- Born: June 13, 1901 Ellsworth, Maine
- Died: January 29, 1958 (aged 56) Santa Fe, New Mexico
- Known for: painting, writing
- Style: nonobjective, impressionist
- Movement: Transcendental Painting Group
- Spouse: Dorothy Morang

= Alfred Morang =

American painter

Alfred Gwynne Morang (1901–1958) was an American painter, writer, art critic and active member of the Santa Fe art colony.

Alfred Morang was born in Ellsworth, Maine in 1901. His early education was in violin playing, writing and painting. He met Dorothy Alden Clark in Boston and they married in 1930. Morang credited his friend, author Erskine Caldwell, with encouraging him to publish his writing.

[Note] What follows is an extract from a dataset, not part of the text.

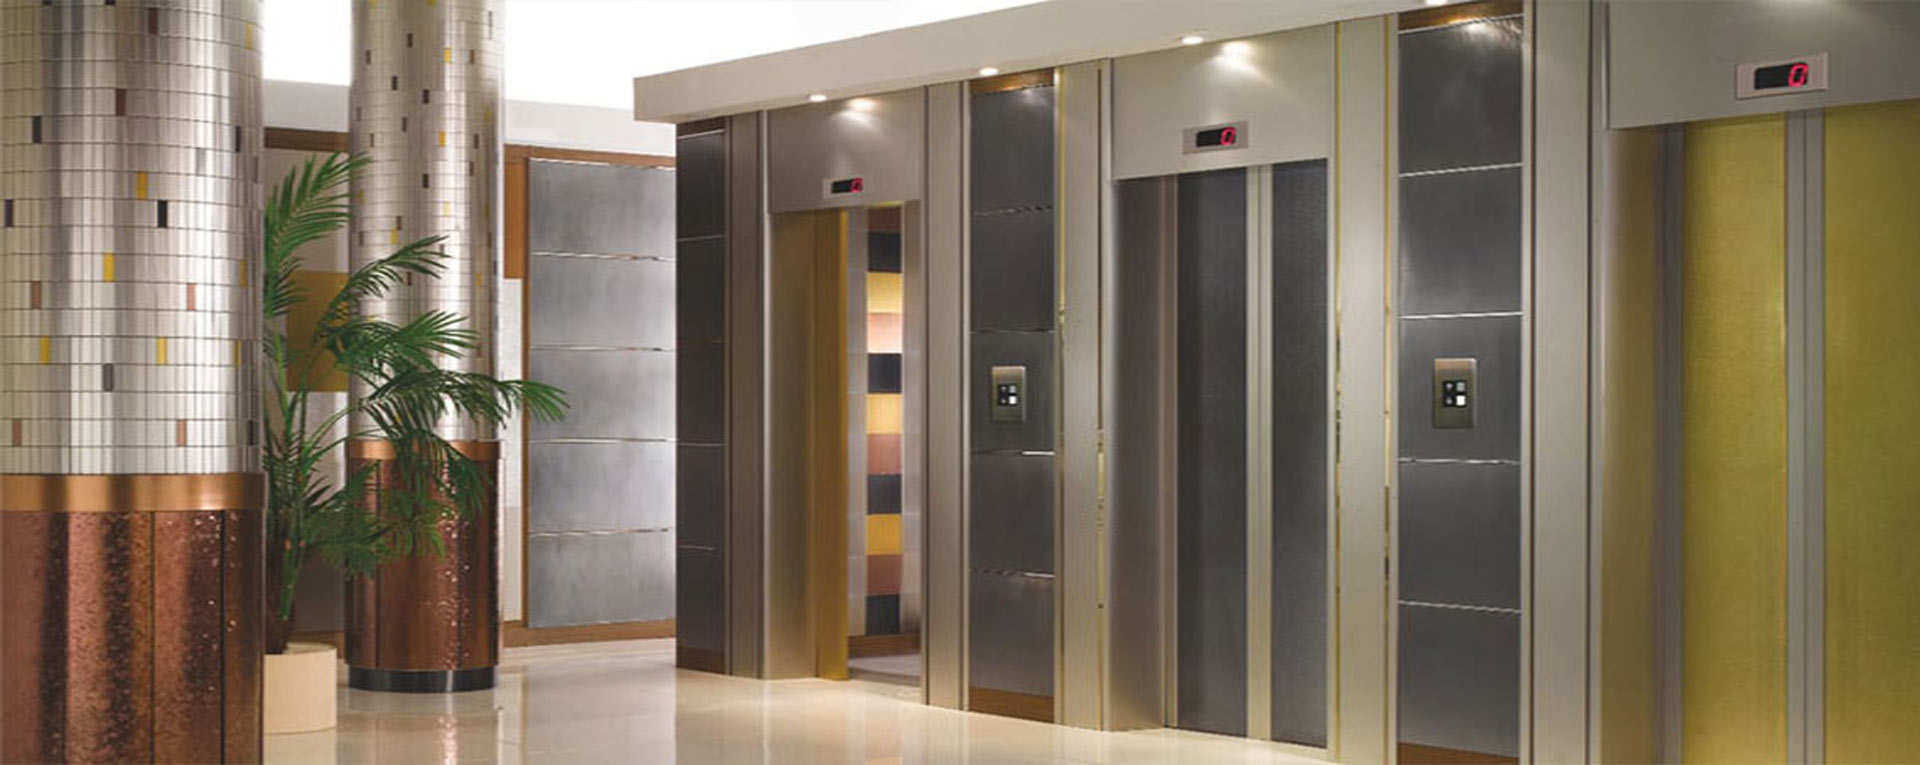 Три вертикальный лифта. Лифт Solon Premium. Лифт Отис пассажирский. Лифты Sanyo. Лифт Отис 3 этаж.

The Morangs moved to New Mexico in 1937 upon a doctor's recommendation that Alfred needed a higher, drier climate. In Santa Fe he became an influential figure through his writing and teaching on art. Notable publications include the 1940 booklet Transcendental Painting about the Transcendental Painting Group, a weekly newspaper column on art, and the 1947 book Adventure in Drawing. Morang also had a popular radio program in Santa Fe called "The World of Art."

In 1950 Alfred and Dorothy Morang divorced. A fire in his home/studio in January 1958 ended his life and his remains were cremated.

His home in Santa Fe, at 1 Placita Rafaela, is listed on the National Register of Historic Places as a contributing building in the Camino del Monte Sol Historic District. Some of his artworks are permanently located in the El Farol restaurant on Canyon Road in Santa Fe, New Mexico.